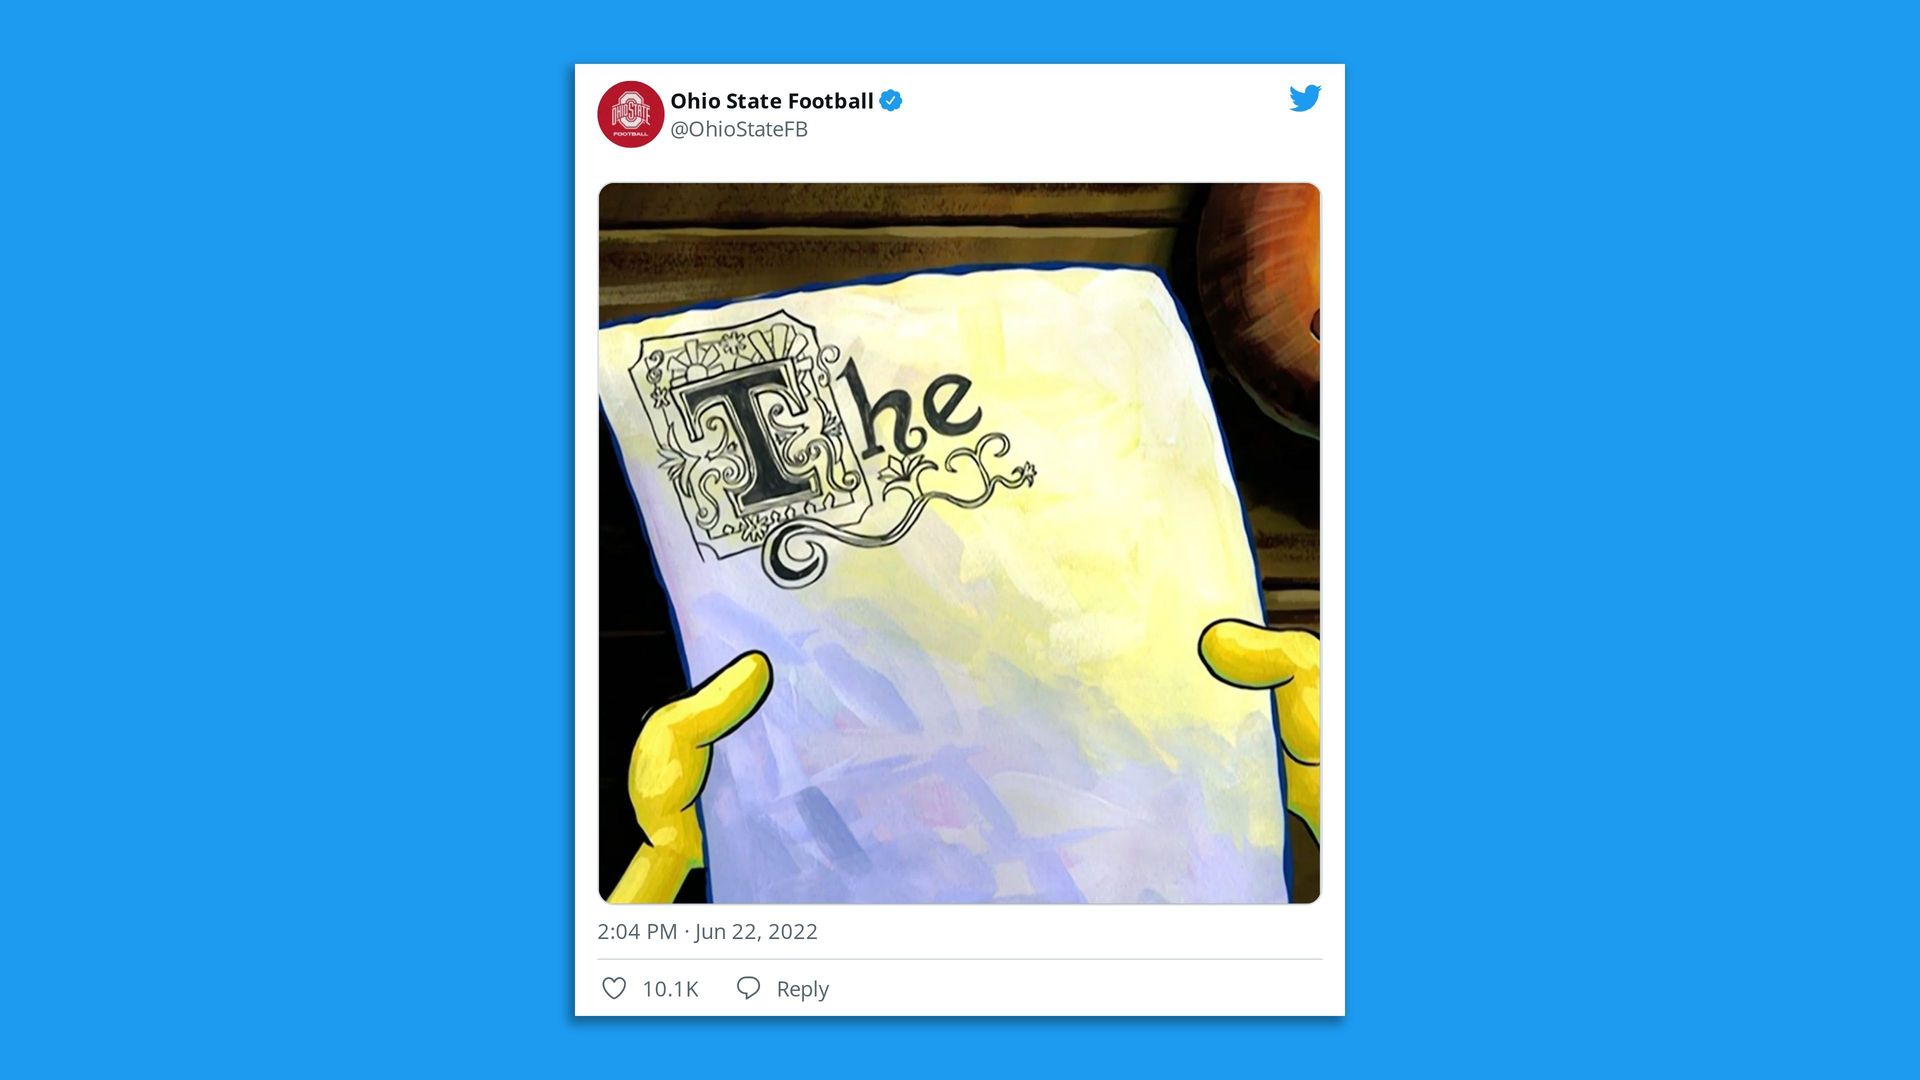 A tweet from Ohio State featuring a photo of a script "THE" from SpongeBob SquarePants
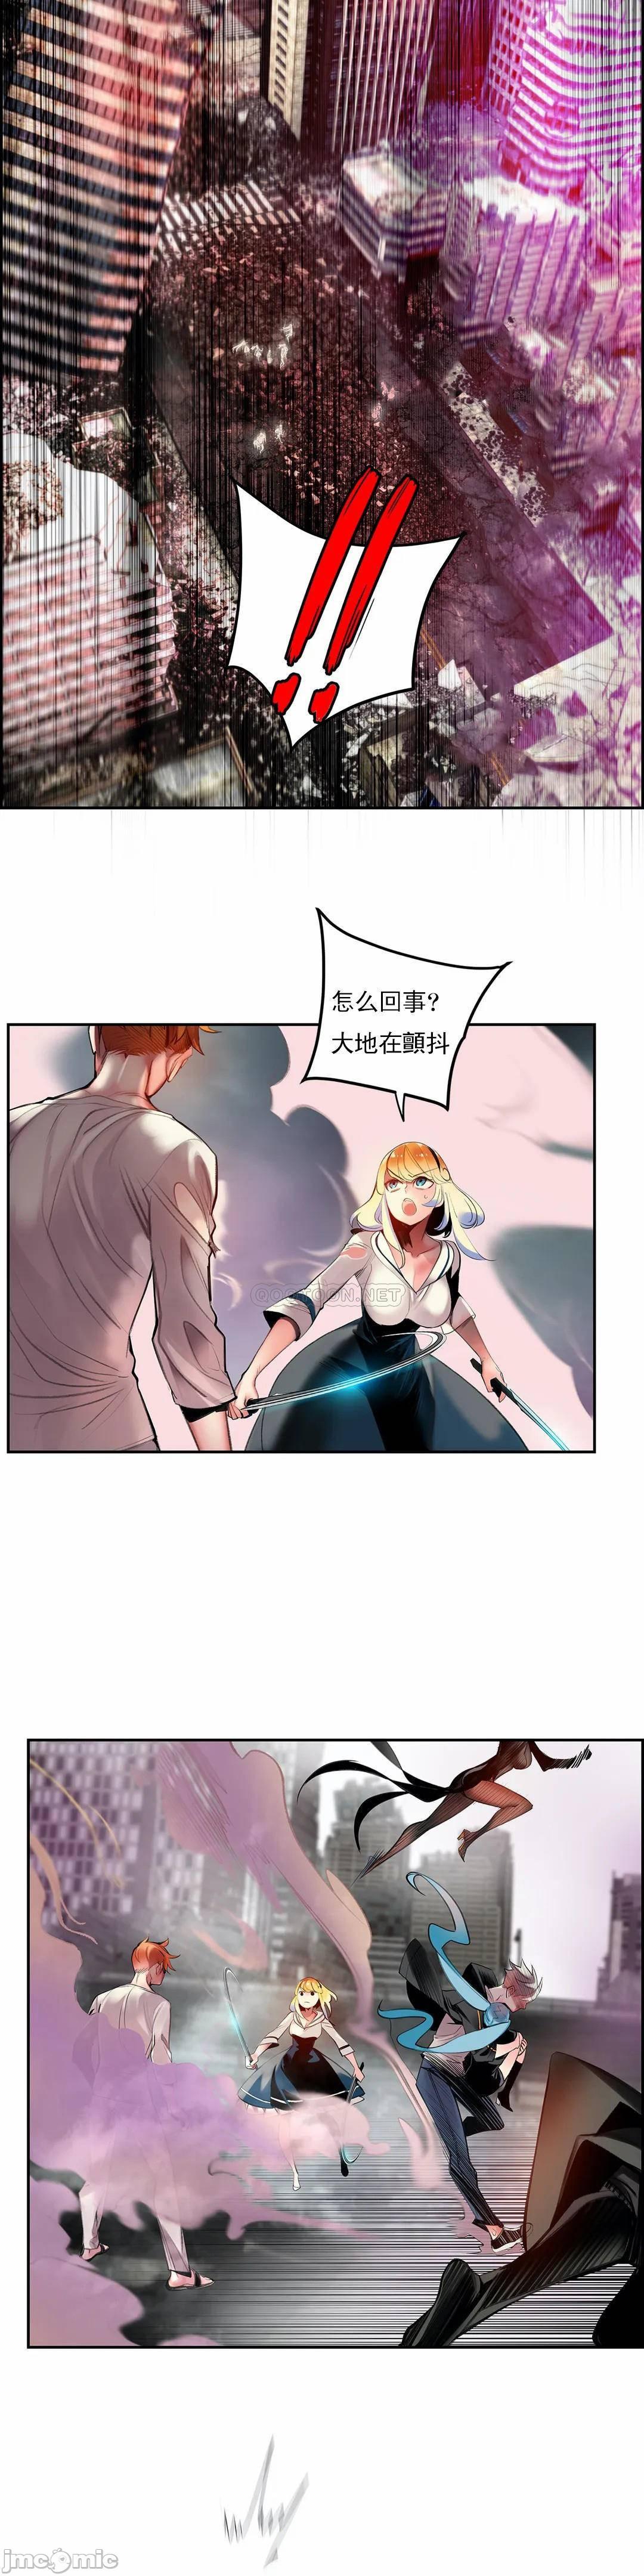 [Juder] Lilith`s Cord (第二季) Ch.77-93 end [Chinese] 360
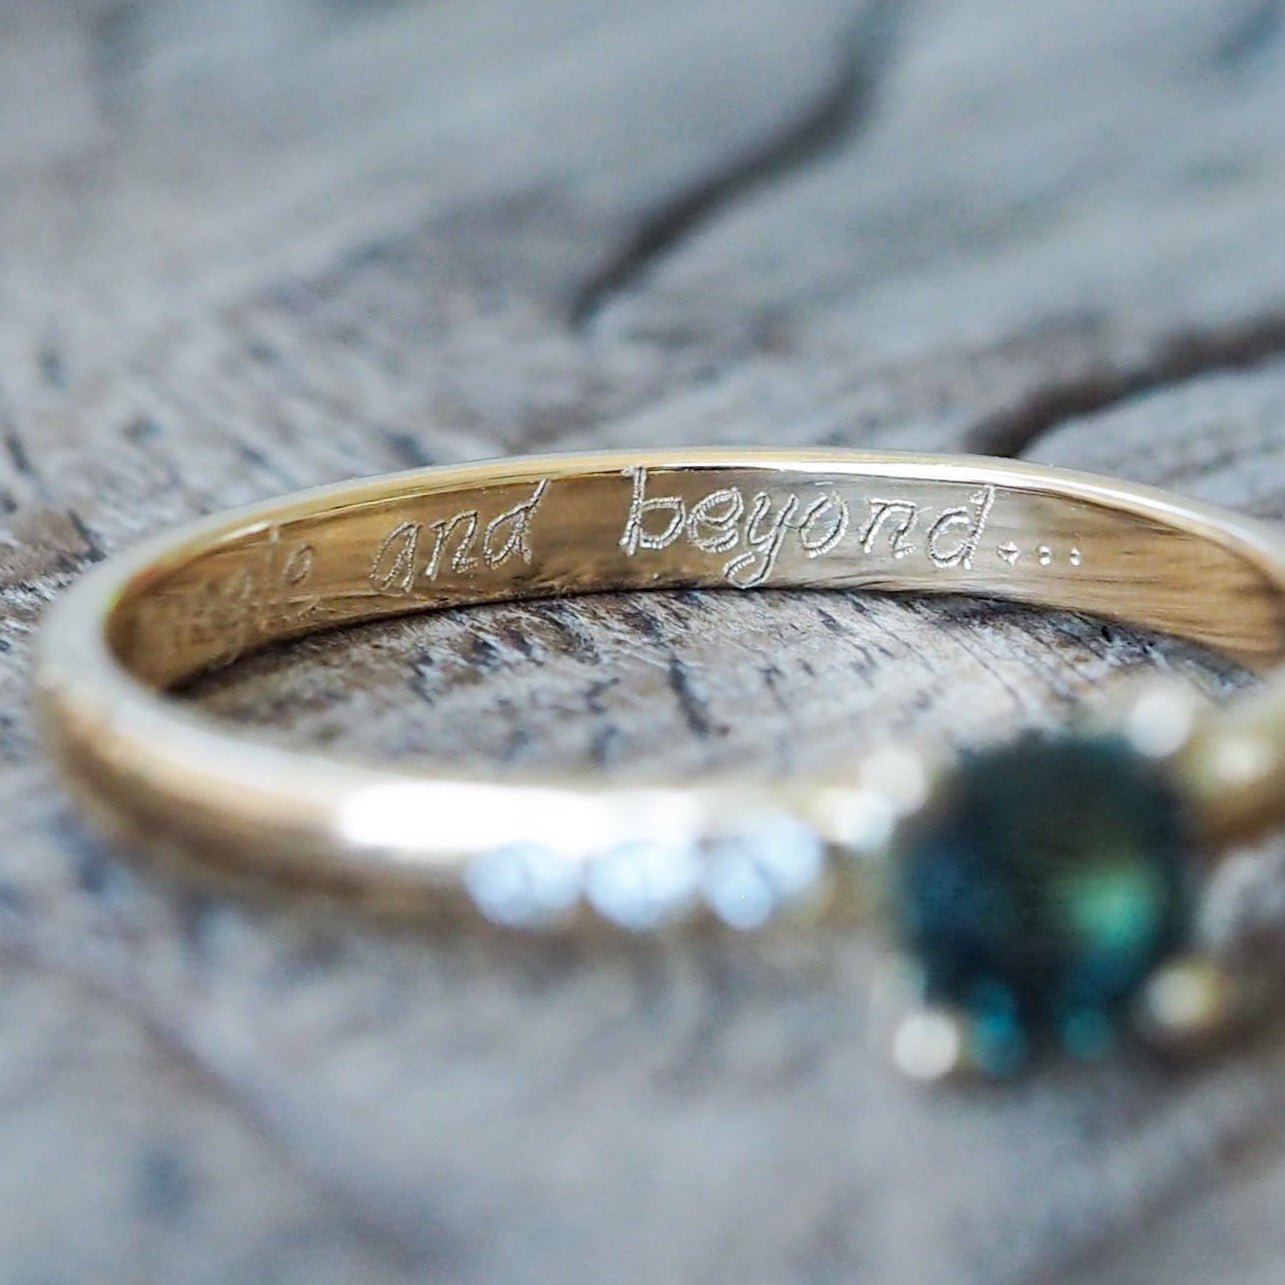 Ring Engraving - Handwritten Inscription - Gardens of the Sun | Ethical Jewelry

───

[The task] Without the pictures, repeat exactly the lines running from the line containing "end [Chinese] 360" through the end of the data, both ends included.

[Exercise response]
 [Juder] Lilith`s Cord (第二季) Ch.77-93 end [Chinese] 360
 Ring Engraving - Handwritten Inscription - Gardens of the Sun | Ethical Jewelry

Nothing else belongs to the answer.